- _Directions_
A verbatim copy of the data is wanted, minus any picture in it.
--- Data extract Enclosed Below ---
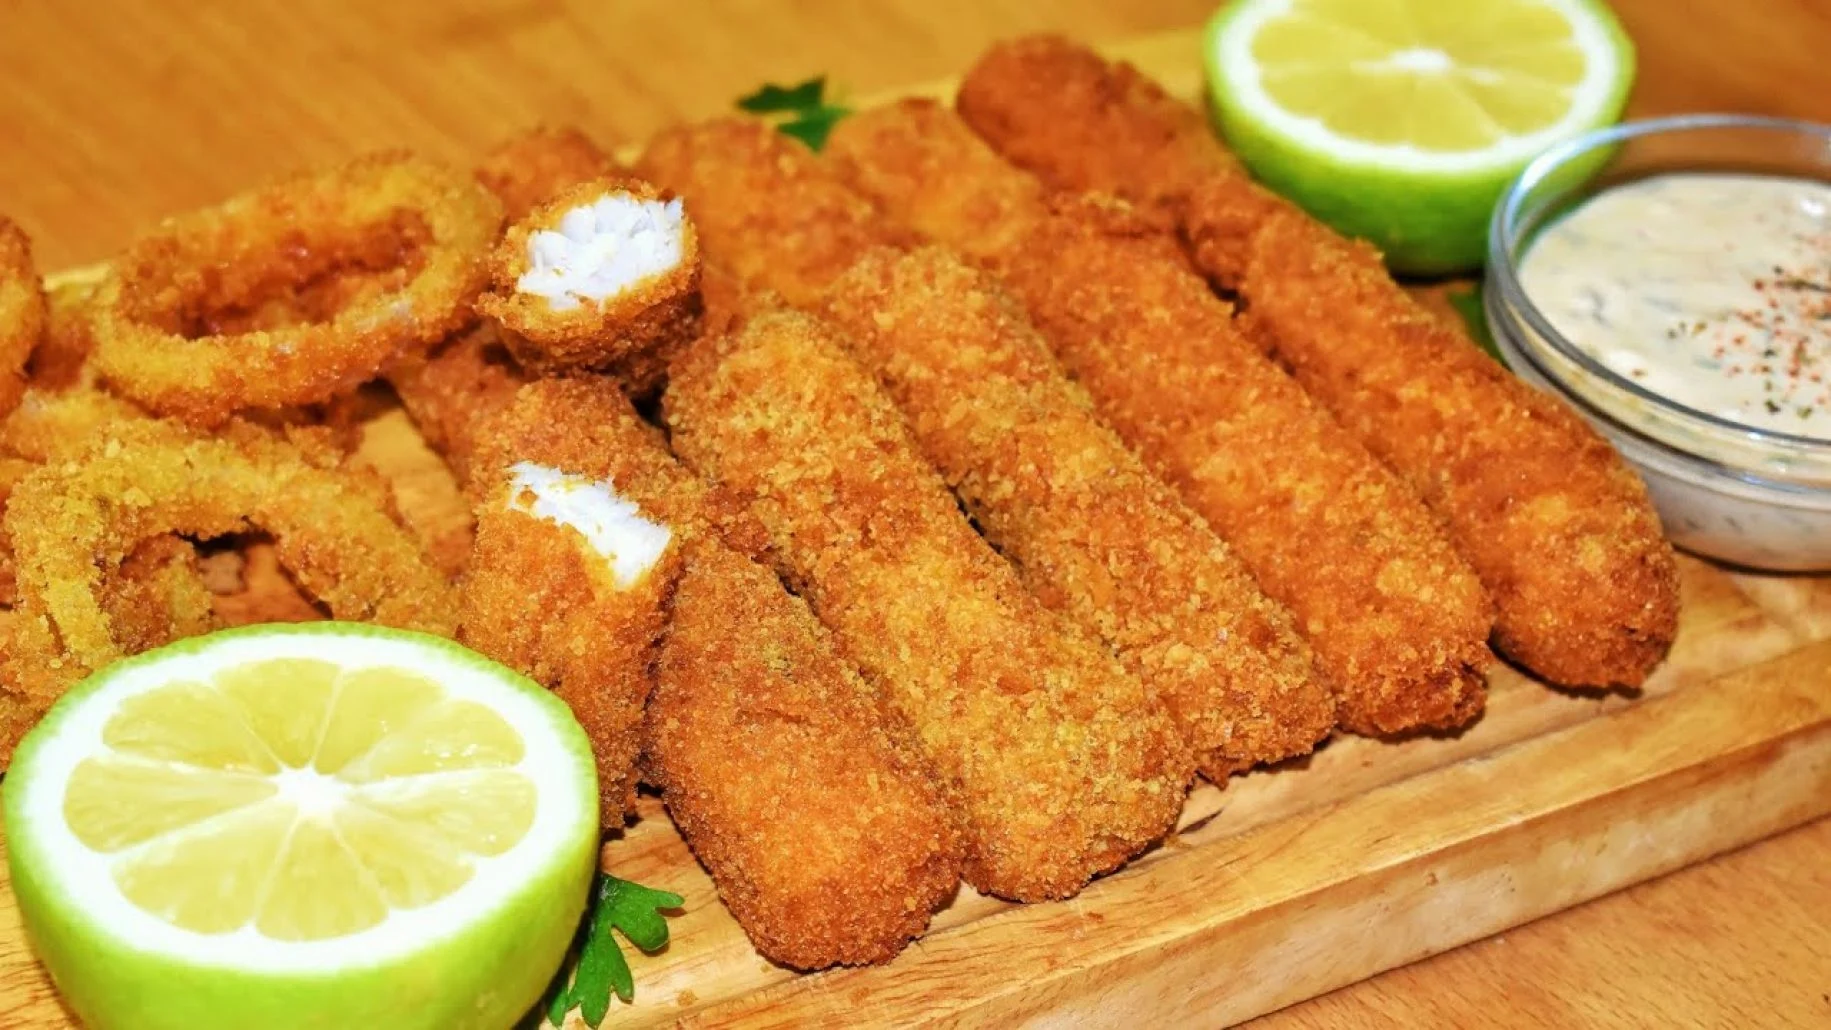 أصابع السمك المقلي أشهي المأكولات البحرية طريقة قلي أصابع السمك في الزيت
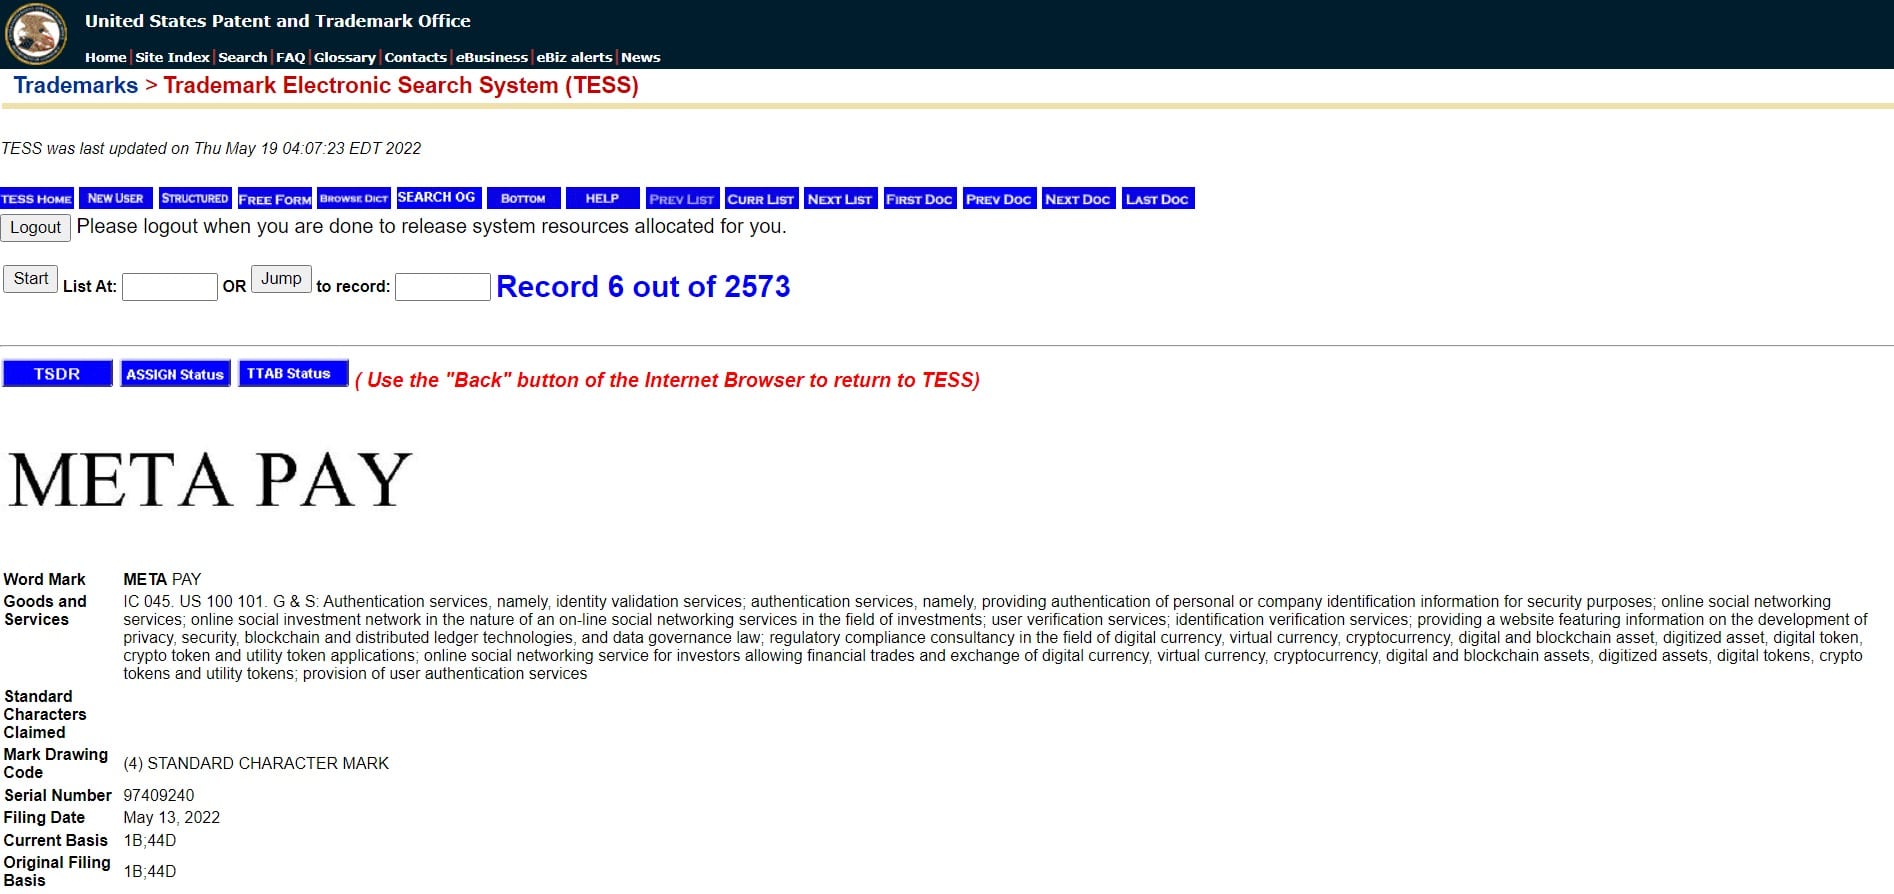 米国特許商標庁のウェブサイトにおけるメタ社のメタペイ商標登録
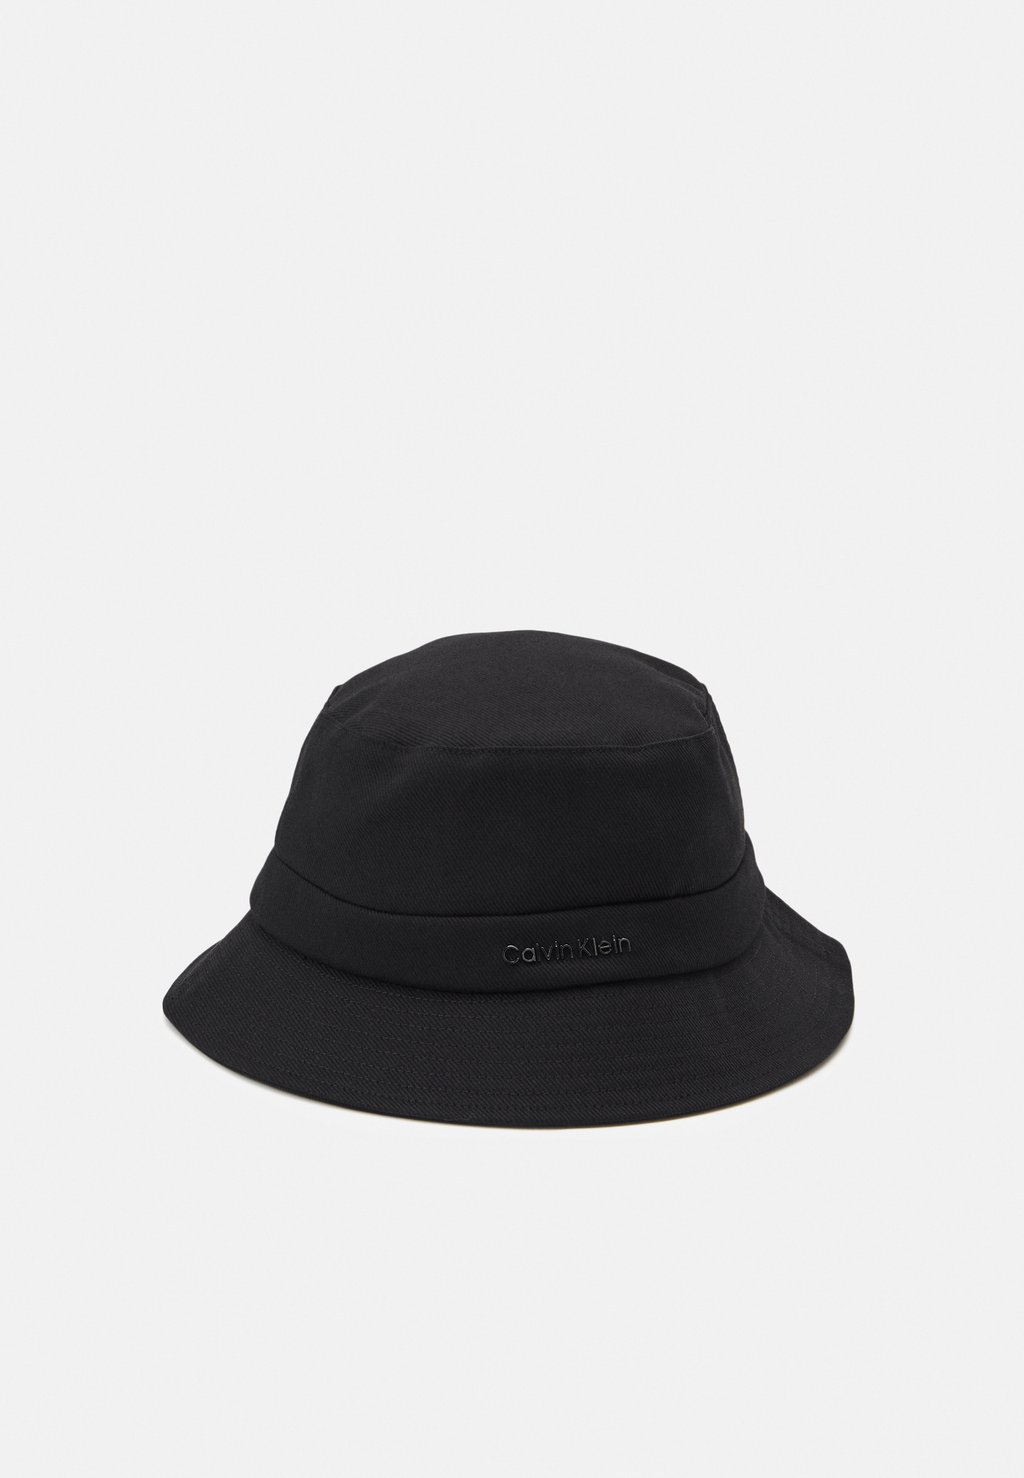 Панама LETTERING BUCKET Calvin Klein, цвет black панама logo bucket hat unisex calvin klein jeans цвет black
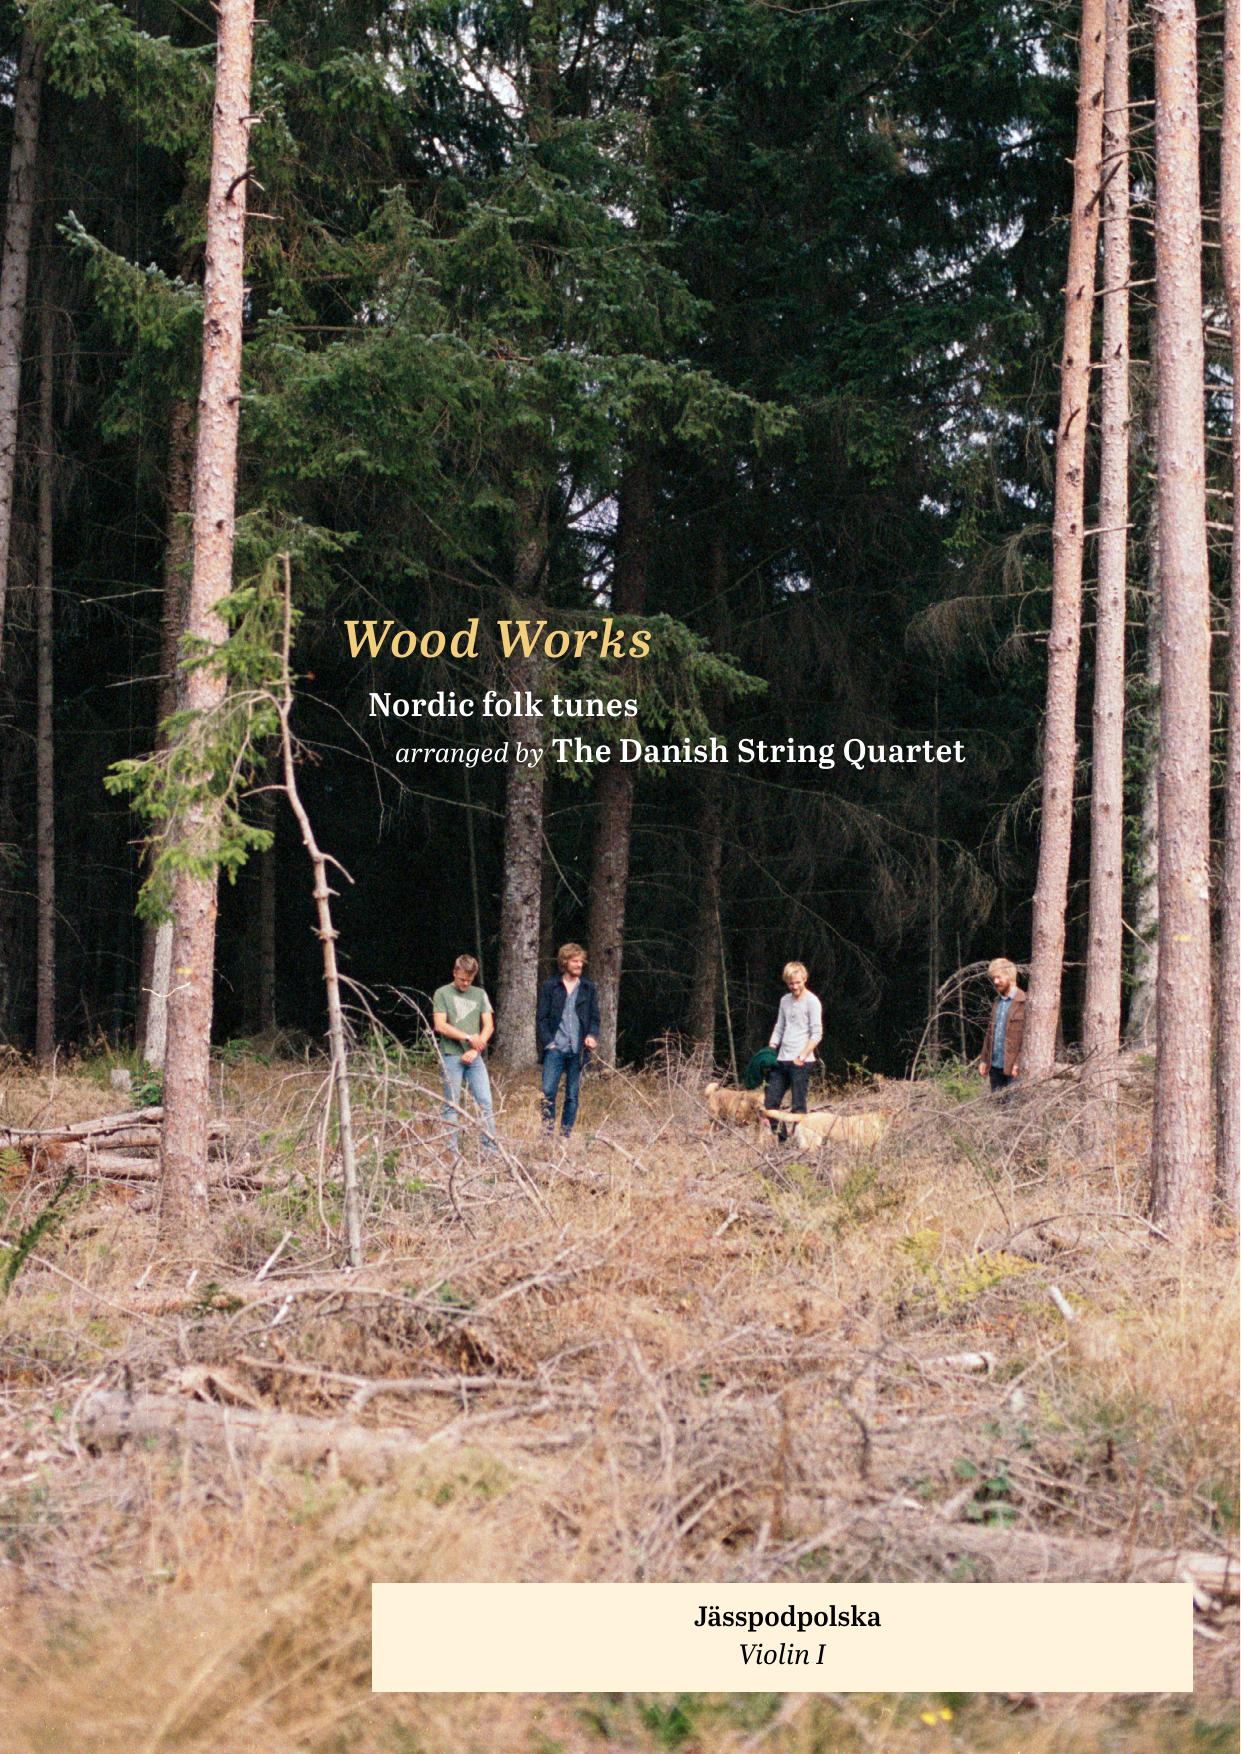 Wood Works – Jässpodpolska
--- End of Enclosed Data extract ---
- _Final answer_
 أصابع السمك المقلي أشهي المأكولات البحرية طريقة قلي أصابع السمك في الزيت
 米国特許商標庁のウェブサイトにおけるメタ社のメタペイ商標登録
 Панама LETTERING BUCKET Calvin Klein, цвет black панама logo bucket hat unisex calvin klein jeans цвет black
 Wood Works – Jässpodpolska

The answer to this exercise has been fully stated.